Data segment:
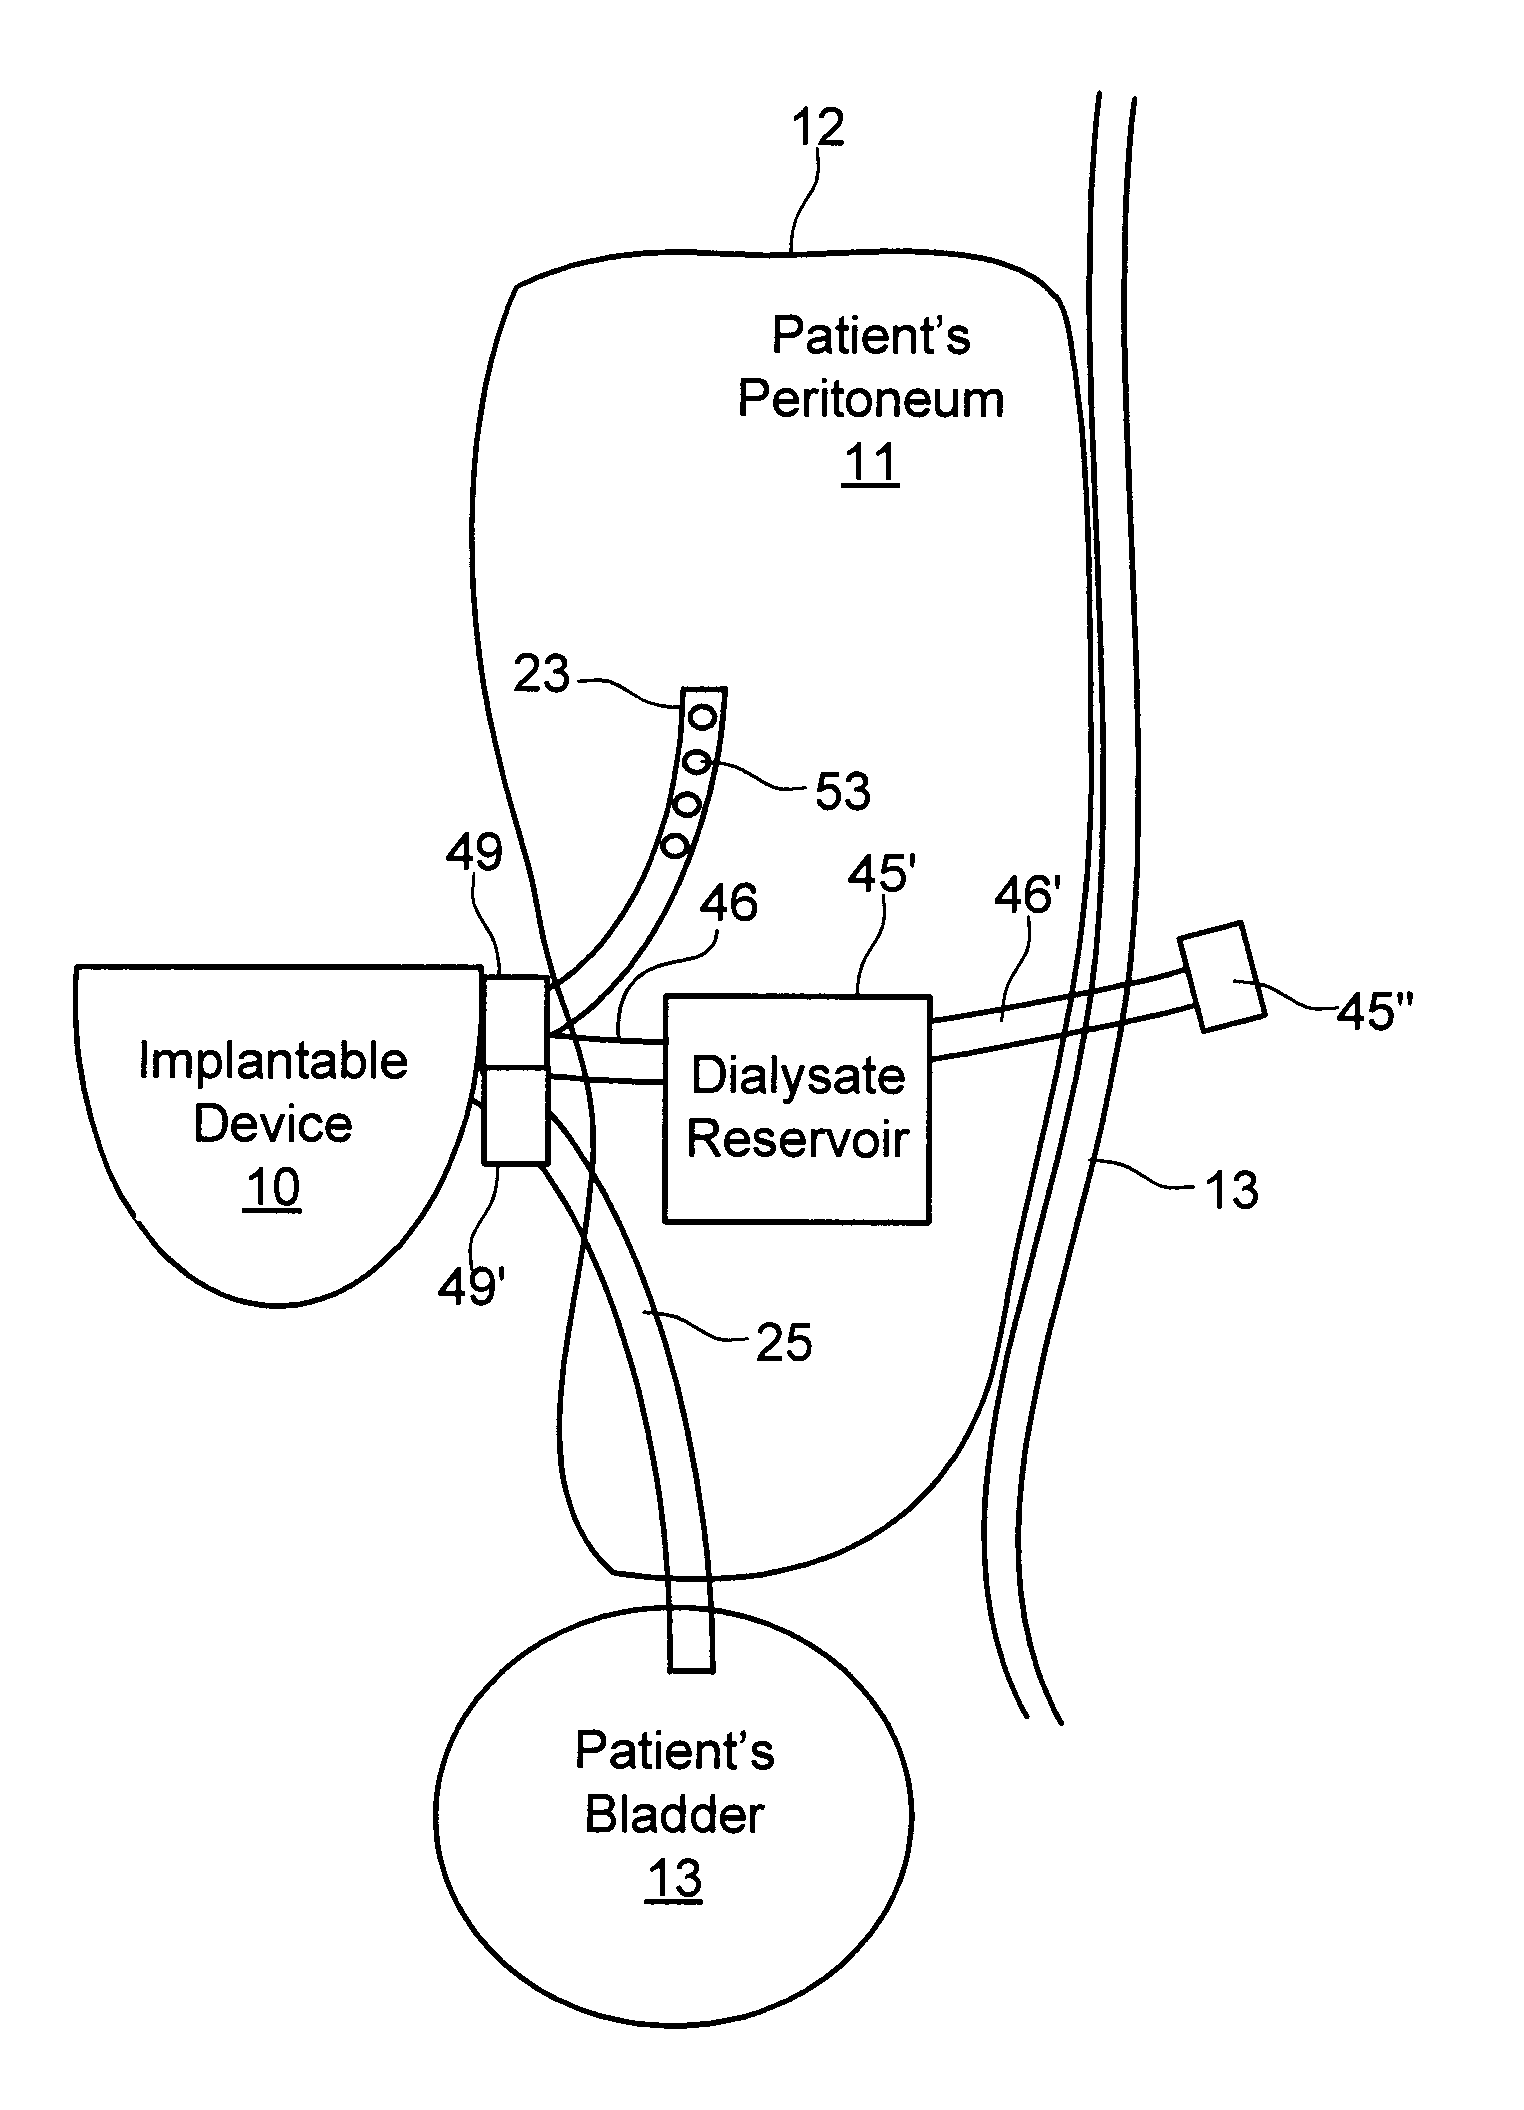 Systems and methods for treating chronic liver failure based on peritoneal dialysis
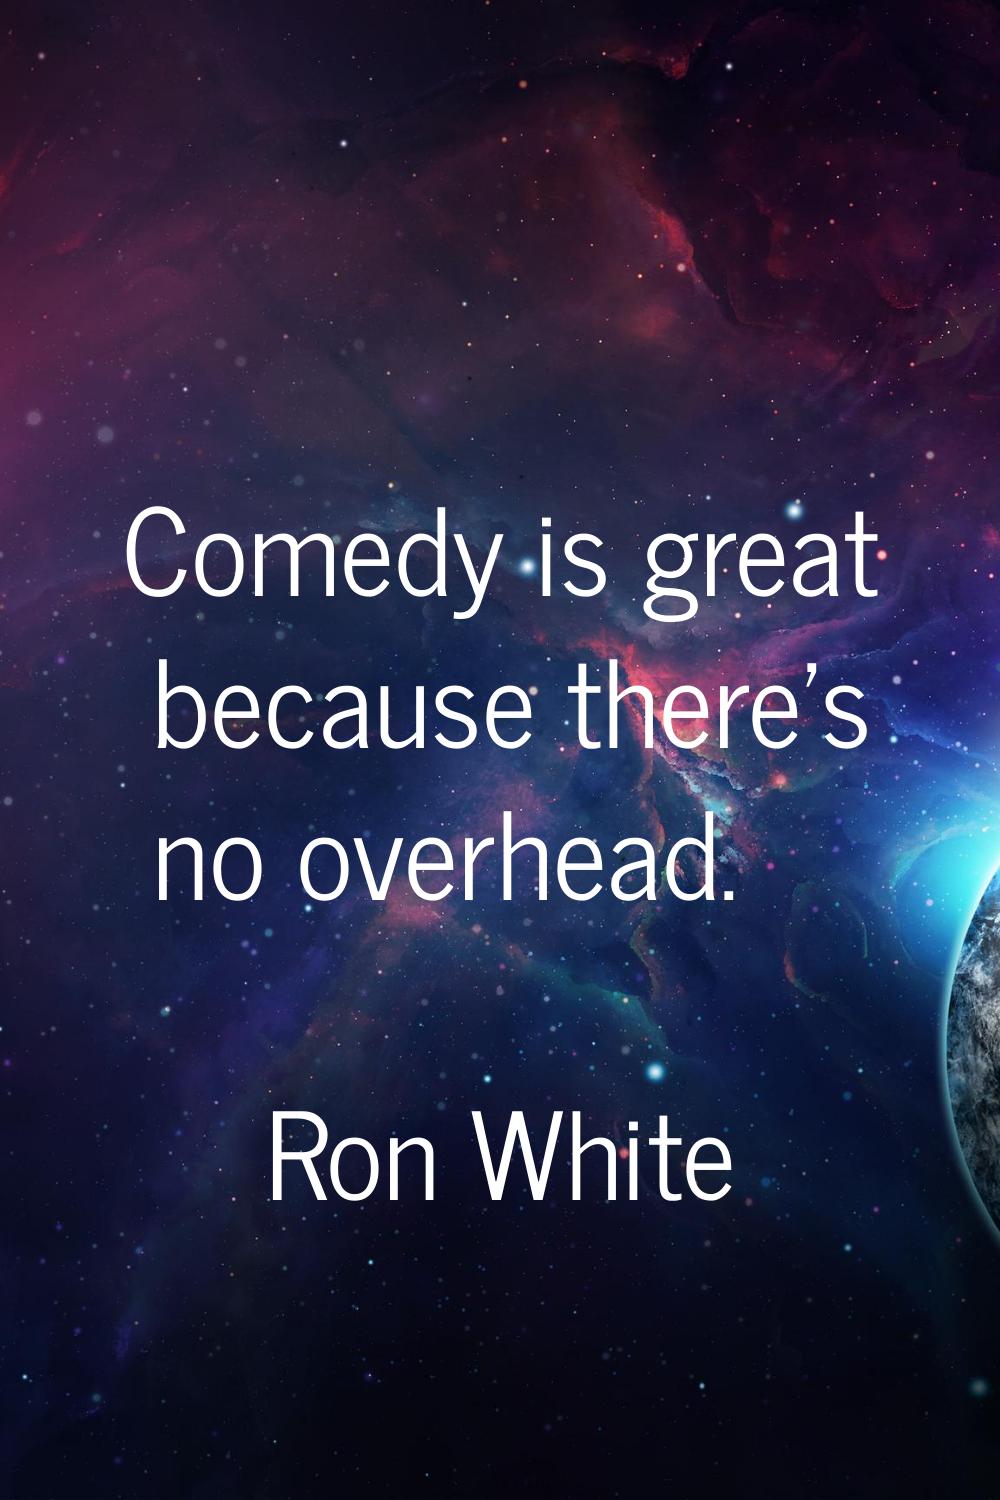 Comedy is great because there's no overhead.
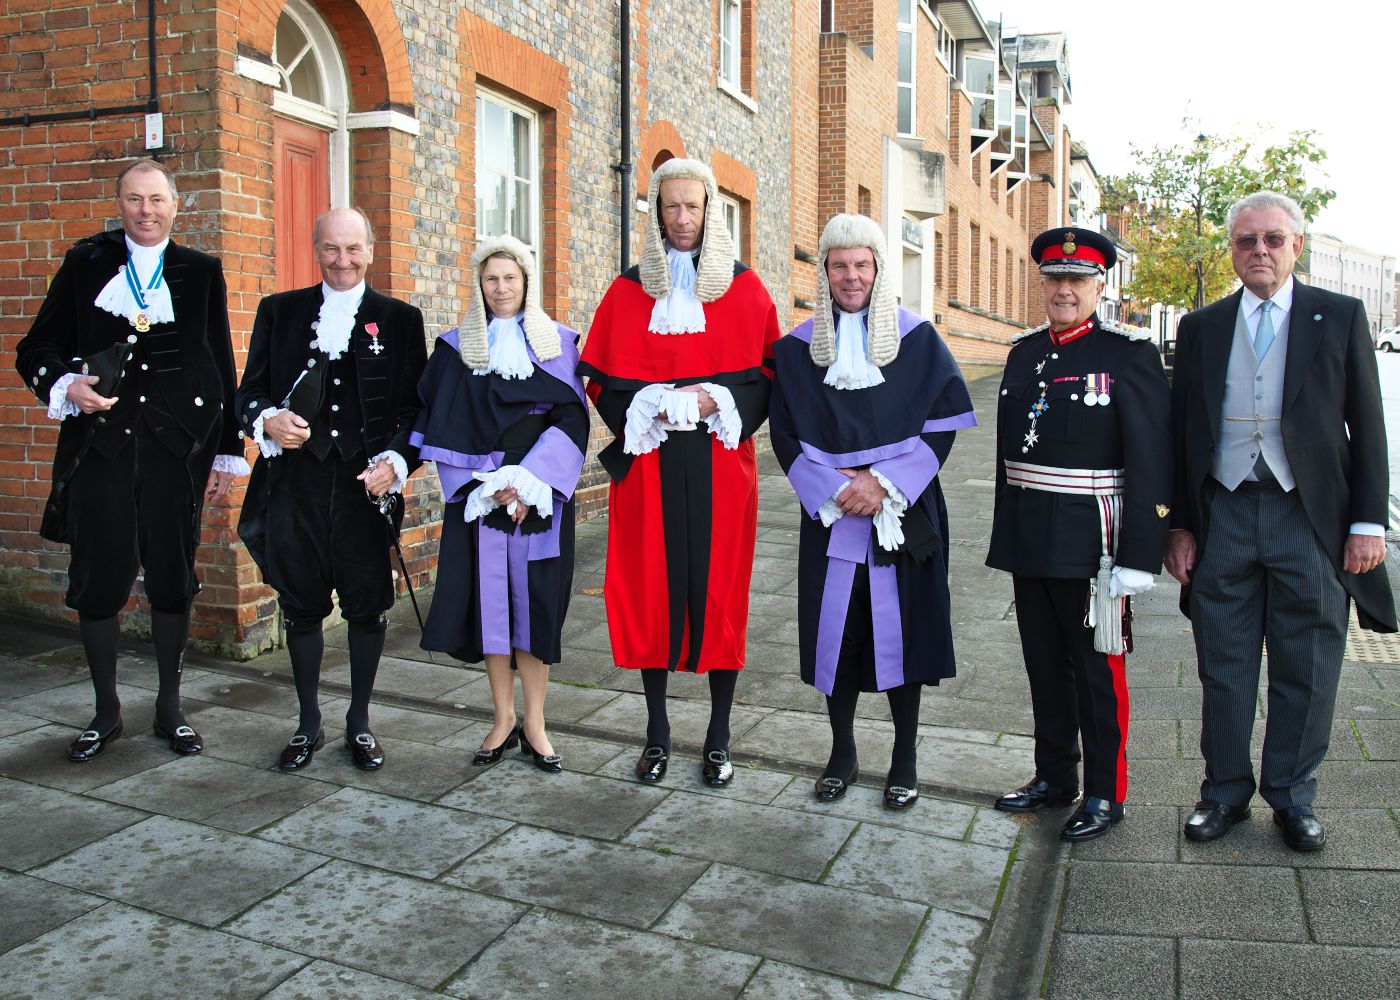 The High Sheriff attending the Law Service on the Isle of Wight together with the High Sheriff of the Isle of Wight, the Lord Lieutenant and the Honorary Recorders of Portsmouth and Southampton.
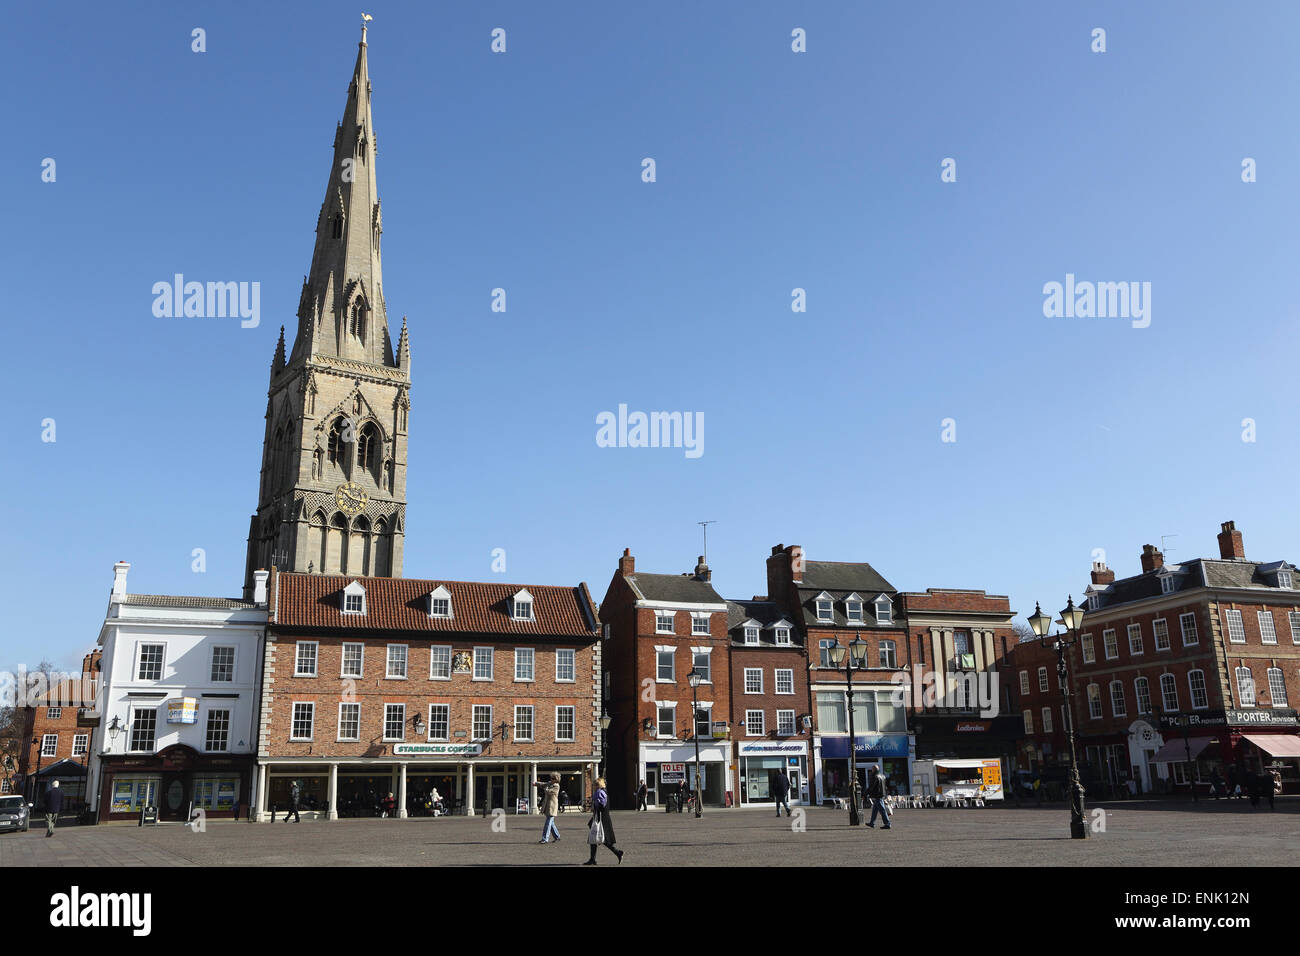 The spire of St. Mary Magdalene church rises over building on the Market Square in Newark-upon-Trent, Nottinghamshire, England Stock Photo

Work required: With the pictures excluded, restate the material exactly as it stands.

Solution for this exercise:
 Systems and methods for treating chronic liver failure based on peritoneal dialysis
 Comedy is great because there's no overhead.
 The High Sheriff attending the Law Service on the Isle of Wight together with the High Sheriff of the Isle of Wight, the Lord Lieutenant and the Honorary Recorders of Portsmouth and Southampton.
 The spire of St. Mary Magdalene church rises over building on the Market Square in Newark-upon-Trent, Nottinghamshire, England Stock Photo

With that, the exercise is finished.